Ageist critics will say Brooks is old (he’s 85) and out of touch and still smarting from the failure of his last film, 2010’s buried-in-bland “How Do You Know.” I say, how do you know that this legend won’t come back and show them all? We can only hope. But right now, the high-profile “Ella McCay “is dying out there right in the middle of Oscar and holiday season. And the critical autopsies are running graphic and cruel.

That’s the business. And Brooks deserves the respect of an honest review instead of getting a pass for old time’s sake. So I will iterate what I think are the holes that sink the ship of “Ella McCay” without being too smartass about it.

A low point in the career of James L. Brooks, starring gifted actors who seem, all of a sudden in a fit of group amnesia, to have forgotten how to act

For starters, I can’t come down too hard on Emma Mackey, the British and French actress who was quite good with Gillian Anderson in “Sex Education.” It’s just that Mackey gets the worst of it since she plays the title role and has the most screen time. I never believed her for a second because Brooks has written and directed her as the flattest of character cardboard.

What we do know is that Ella is the 34-year-old lieutenant governor of an unnamed state (It was shot a lot in Providence, so OK, let’s call it Rhode Island.) and an unnamed political party (She spouts a lot of liberal pieties like “humans helping humans,” so let’s say Democrat.). Ella gets to be governor when her boss, Gov. Bill Moore (the great Albert Brooks in the only dull performance I’ve ever seen him give), steps down for a post in the Obama administration (Let’s call it 2008 because it fits and, hell, why not?).

Albert Brooks as Governor Bill advises Emma Mackey in “Ella McCay,” from 20th Century Studios

That leaves Ella to cope with a clown car of supporting characters played by gifted actors who seem, all of a sudden in a fit of group amnesia, to have forgotten how to act. The always wonderful Jamie Lee Curtis is shrill and obvious as Ella’s loyal Aunt Helen (They do scream therapy together that will have your nerves screaming.). The always appealing Woody Harrelson sinks without a trace into the massively clichéd role of Ella’s widowed father who philandered, shock of shockers, even before the death of Ella’s mother (an in-for-a minute and then mercifully out Rebecca Hall).

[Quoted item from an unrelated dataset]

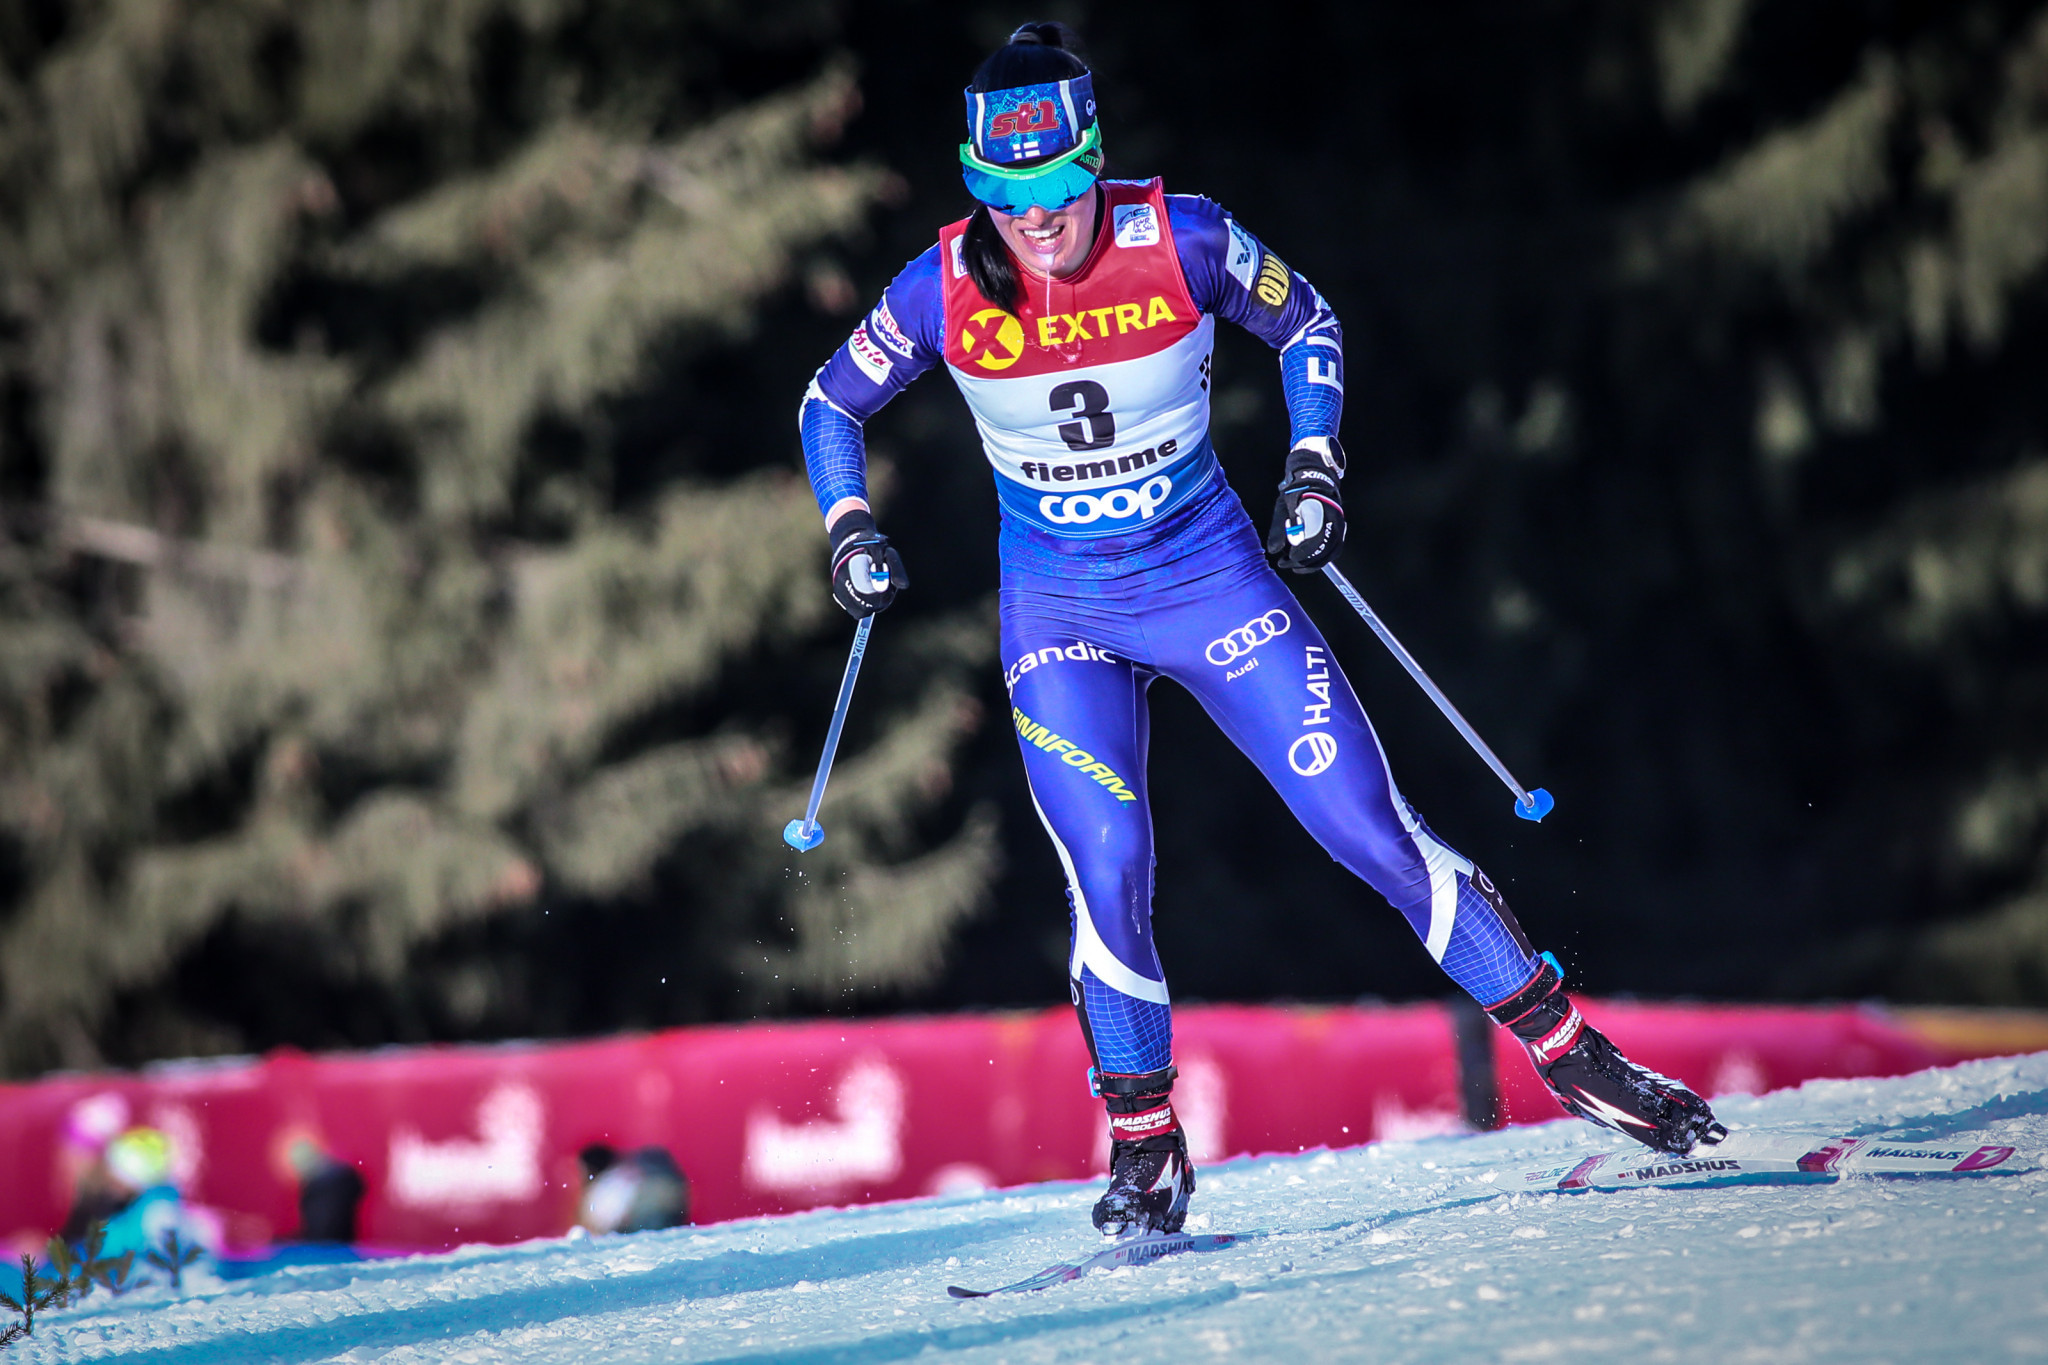 Krista Pärmäkoski has won six World Championship medals ©Getty Images
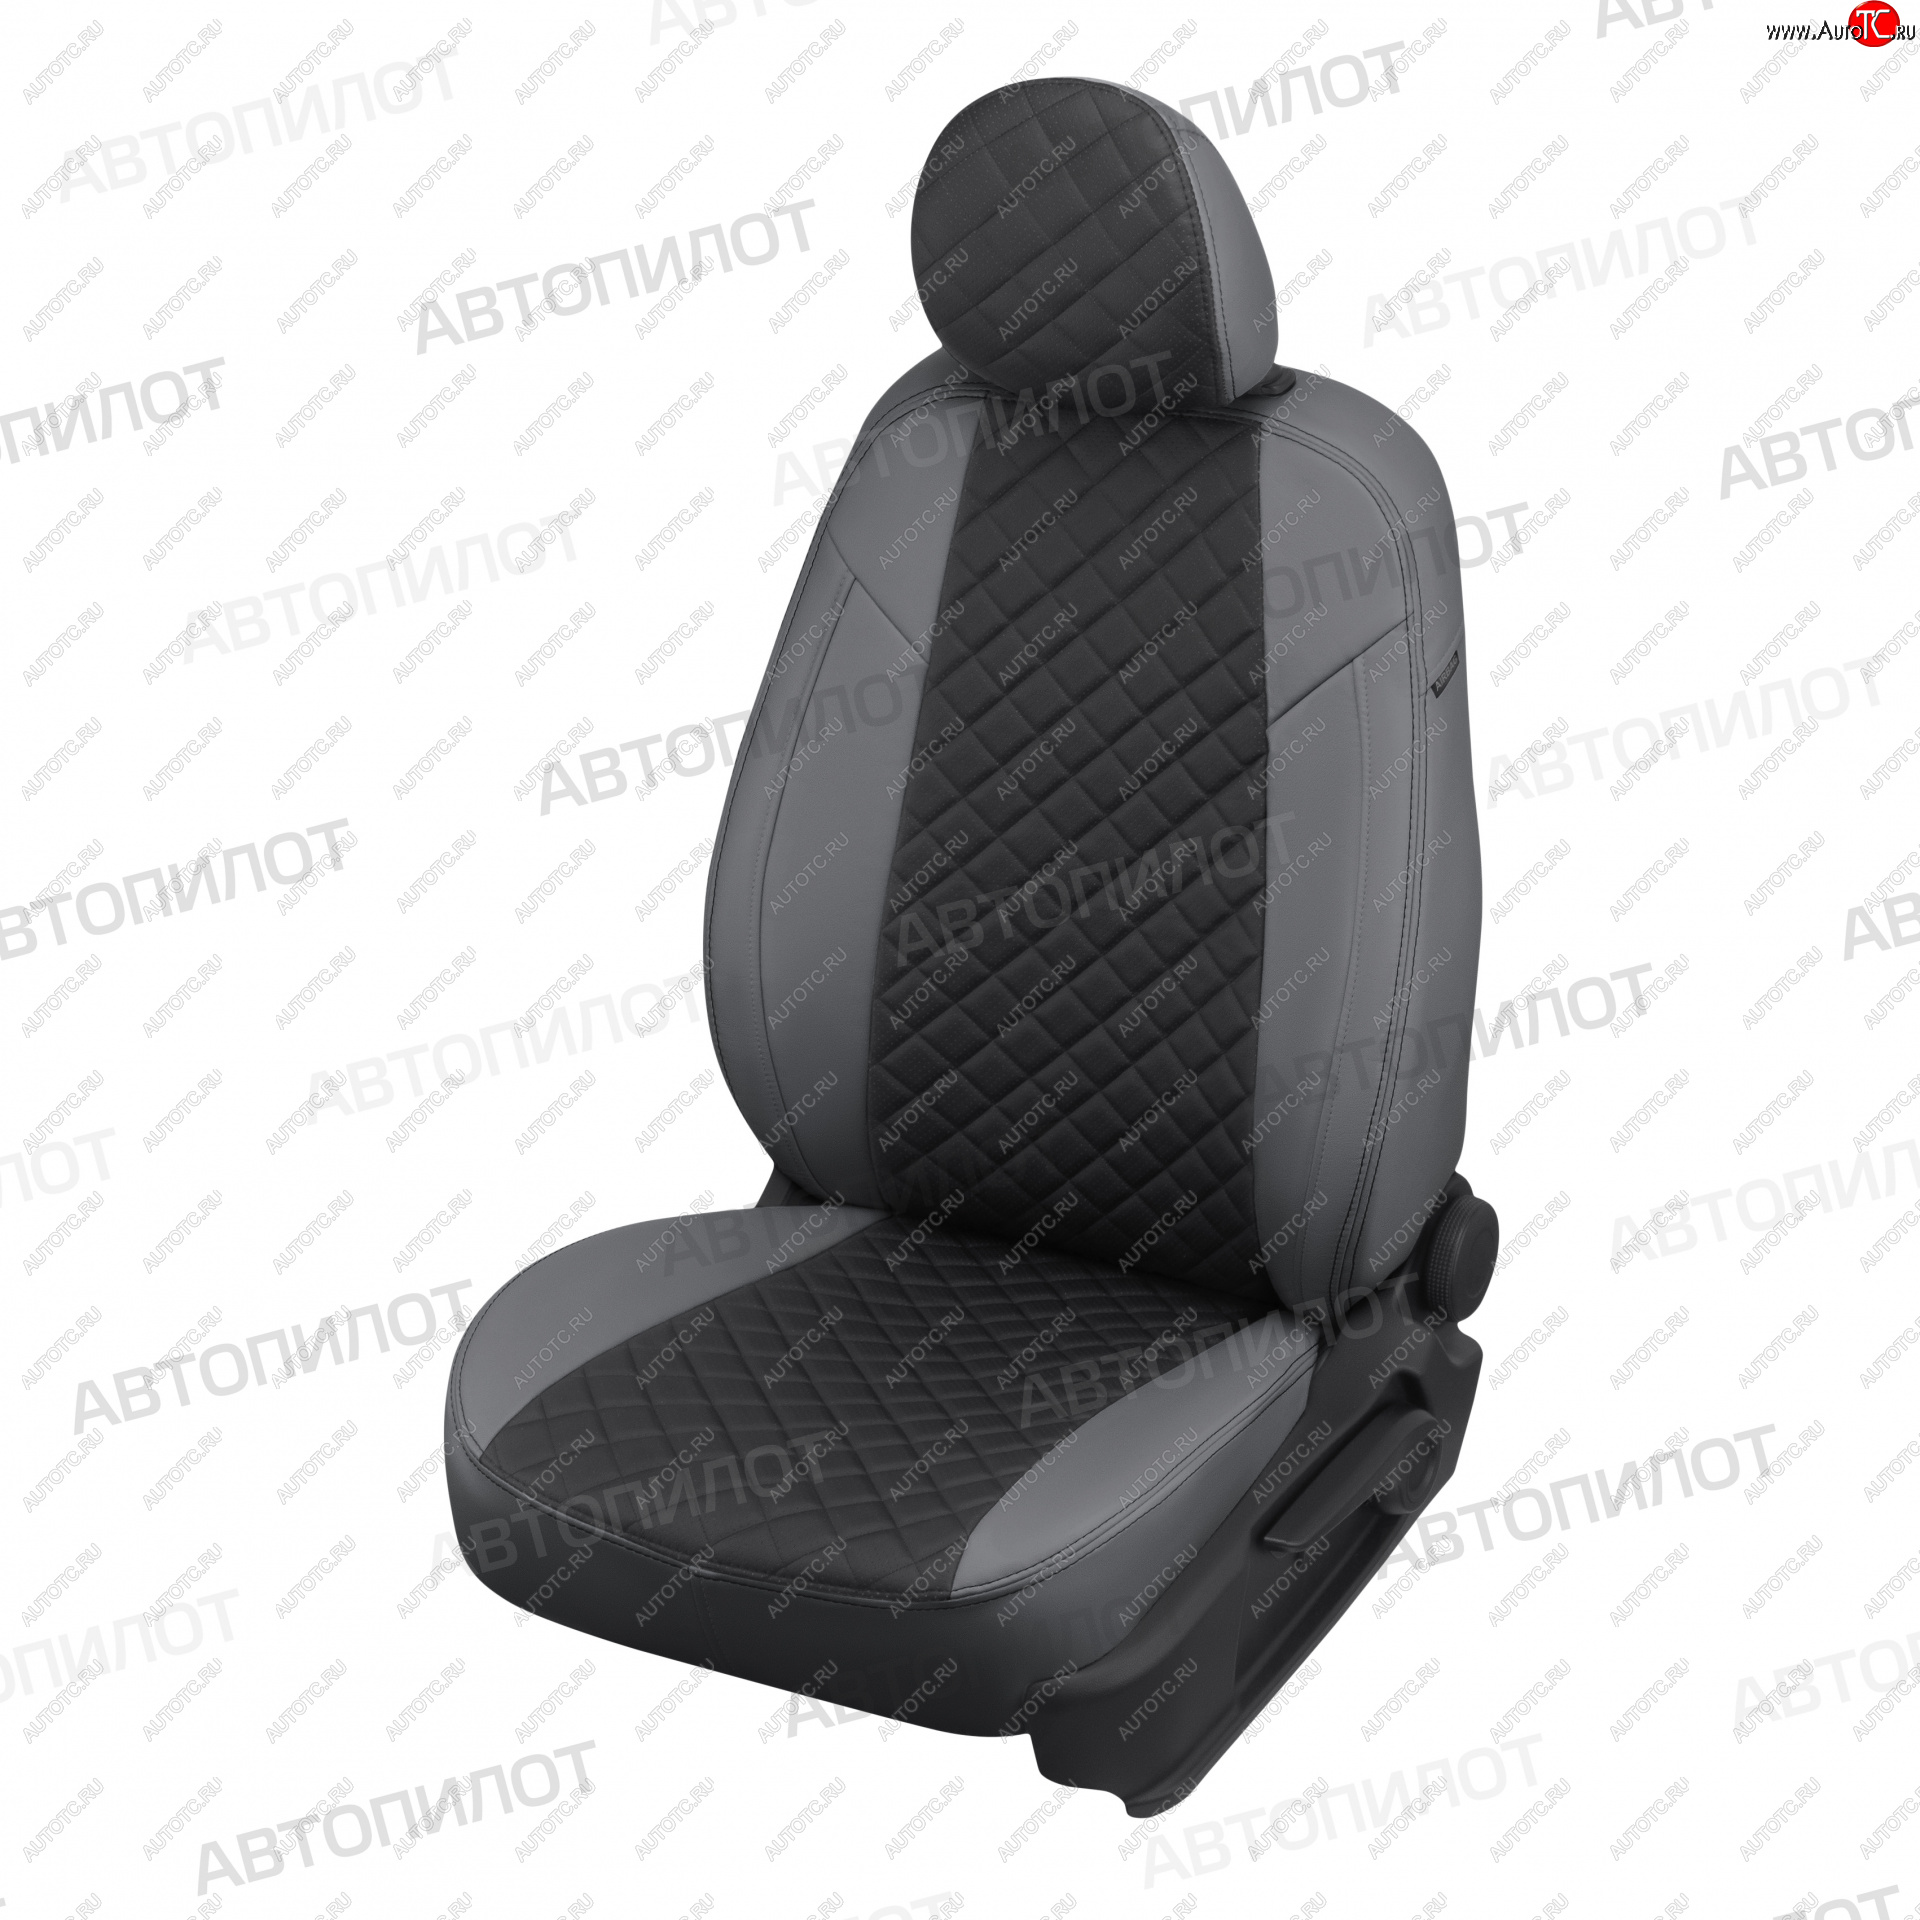 13 999 р. Чехлы сидений (экокожа, Grand 50/50) Автопилот Ромб  KIA Sportage  1 JA (1993-2006) (серый/черный)

Then there’s Jack Lowden, so masterful on “Slow Horses” but ambushed here by the writing of the role of Ryan, Ella’s restauranteur husband, who starts acting like a little bitch when Ella won’t give him a role in her administration. Ryan sabotages his wife’s reputation by spreading trash talk about a sex scandal. Some scandal. He and Ella once had marital relations on government property, her office, which wouldn’t have raised an eyebrow in the Eisenhower era.

Also going down in this ship of banalities are Kumail Nanjiani as a chatty state trooper, Spike Fearn as Ella’s younger brother Casey (Spike Fearn), an agoraphobic who can’t manage his breakup with Ayo Edebiri’s Susan, and the legendary Julie Kavner—the iconic voice of Marge Simpson—stuck in the lifeless role of the narrator and Ella’s secretary Estelle, meant to fill in the blanks of a script that is virtually all blanks.

You can’t really blame the actors who are clearly working out of a deep respect and love for Brooks. I think we all feel that. That’s why our disappointment in “Ella McCay” runs so deep. Without the Brooks name in the credits, we might dismiss “Ella McCay” as a harmless relic from a time gone by that we don’t miss any more. But the Brooks name is there raising expectations of a gold standard in trenchant social comedy that we miss very much. What to do about it? Denial helps or just seeing “Ella McCay” as a rare stumble rectified by streaming one of his classics and remembering how long we thought of James L. Brooks only in terms of endearment. I’m going with that one.